Lily of the valley happens to grow wonderfully well where I grew up, and to bloom around May first. So I’d always assumed this was a very old custom, dating to pre-Marxist, pre-capitalist, pre-Christian France. But it appears I was wrong.

While Convallaria majalis L., liliaceae family, grows wild in much of Europe and has been regarded as bringing good luck since the Renaissance, its specific association with May Day came much later, from popular and commercial culture rather than folk tradition.

imageFelix Mayol

According to this terrific little essay,  “On May Day 1895, (Felix) Mayol, the cabaret singer, was greeted by his girlfriend Jenny Cook with some lily-of-the-valley and that evening he wore lily-of-the-valley in his buttonhole instead of the more usual Camellia.” Long before Billie Holliday pinned a gardenia in her hair, Mayol was wearing a cluster of muguets des bois—fragrant enough to to reach the last seat in the balcony.

Given this boost of celebrity, the lily of the valley then became an up-market promotion: “The great fashion houses gave sprigs of lily-of-the-valley to their customers and apprentices on May Day.”

imageMuguet seller, Brittany

Photo: Bretagne Air

This same source declares 1976 as the year lily-of-the-valley was thoroughly associated with May Day.

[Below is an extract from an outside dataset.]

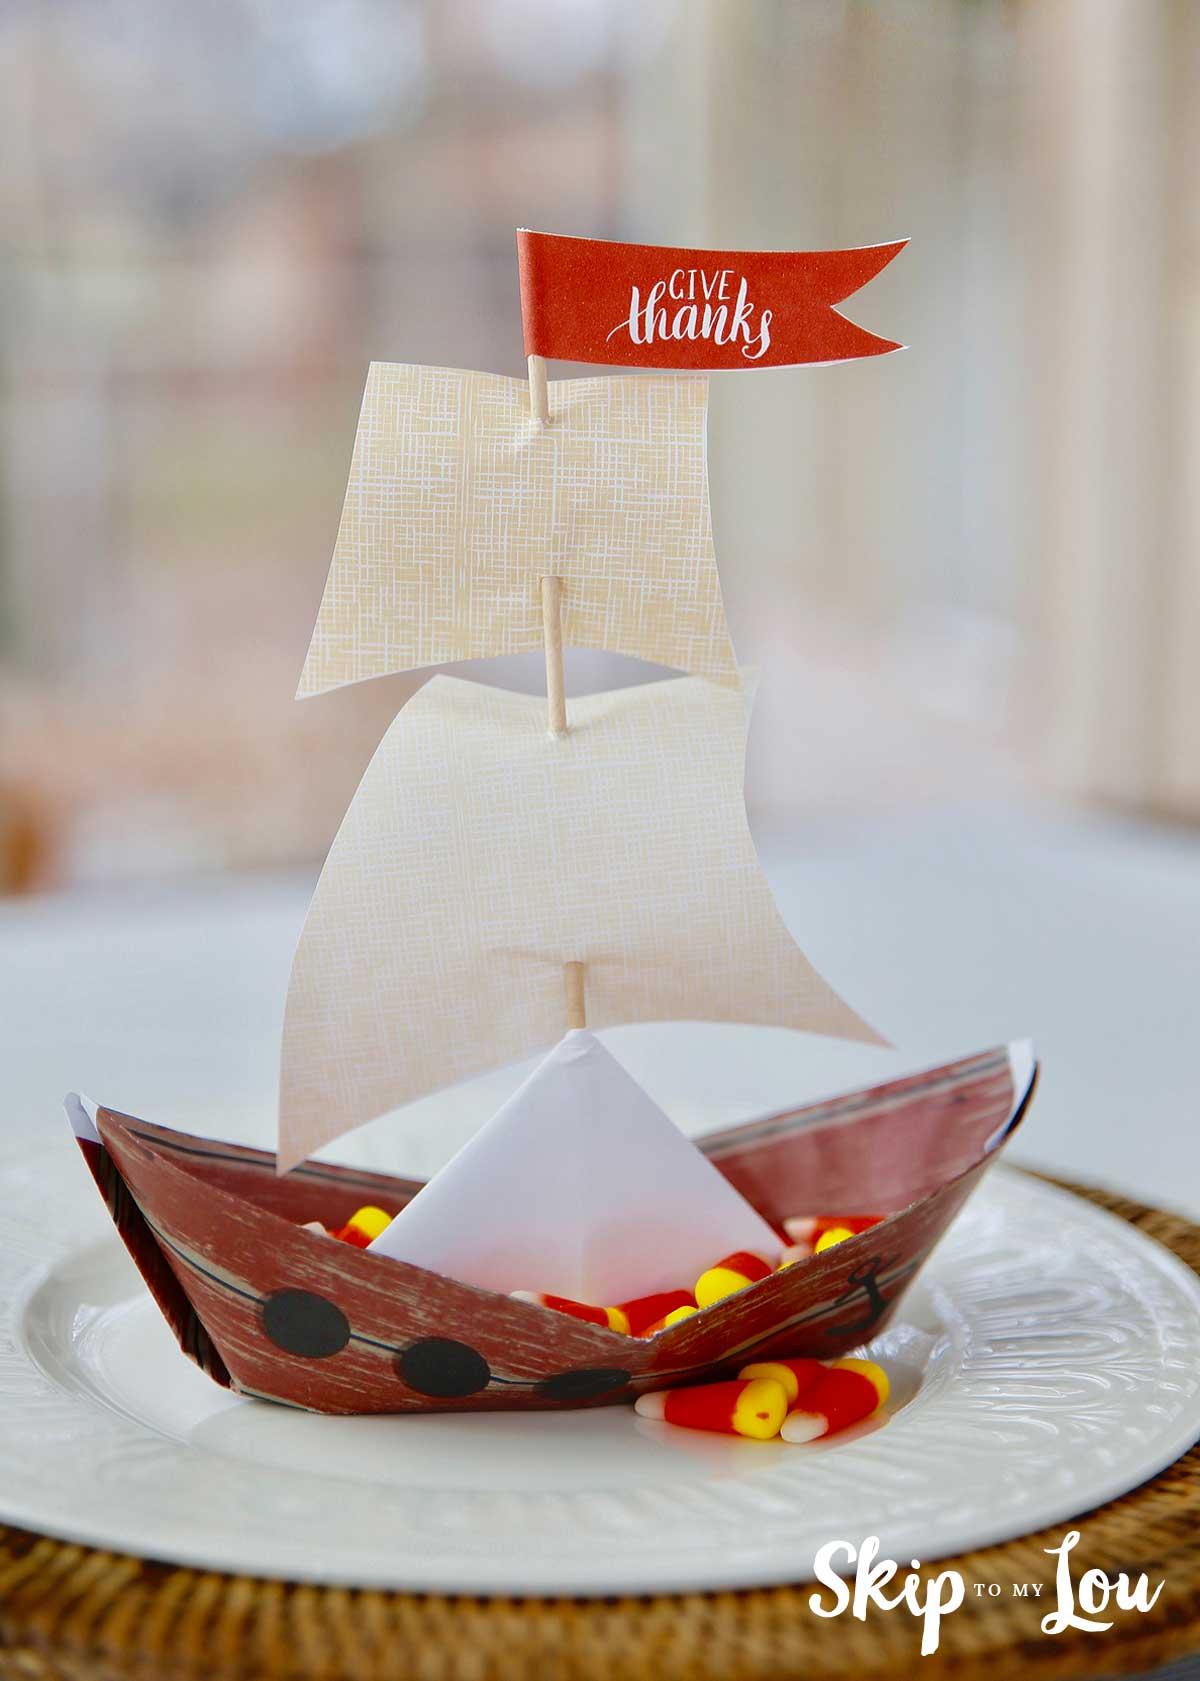 paper origami mayflower ship on white plate
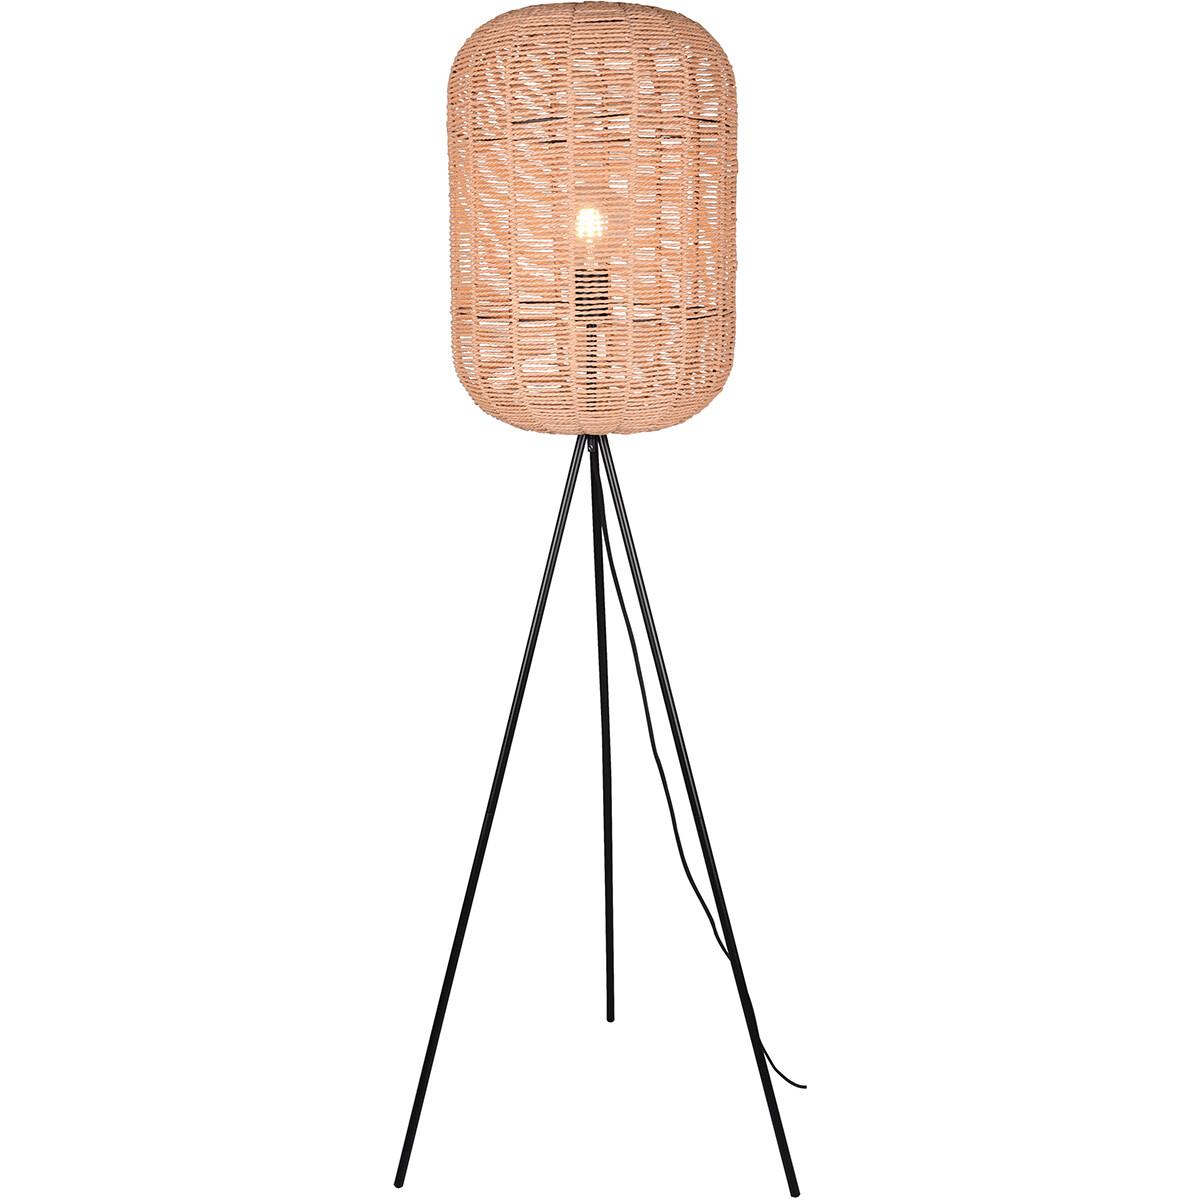 LED Vloerlamp - Trion Tuna - E27 Fitting - Rond - Mat Nikkel - Aluminium

If my French teachers can be trusted, and they can, I’d say 1976 is a bit late. The muguet meant May Day in France by at least 1965. As always, we welcome your experiences, learning, observations.

Our thoughts are with you, nos amis francais, who manage to balance anarchy with elan. For those who find the deconstruction of lovely floral customs disenchanting, we say, tant pis. Deconstruction, too, is French. Pin on your muguets des bois and head on down to the anti-globalization march.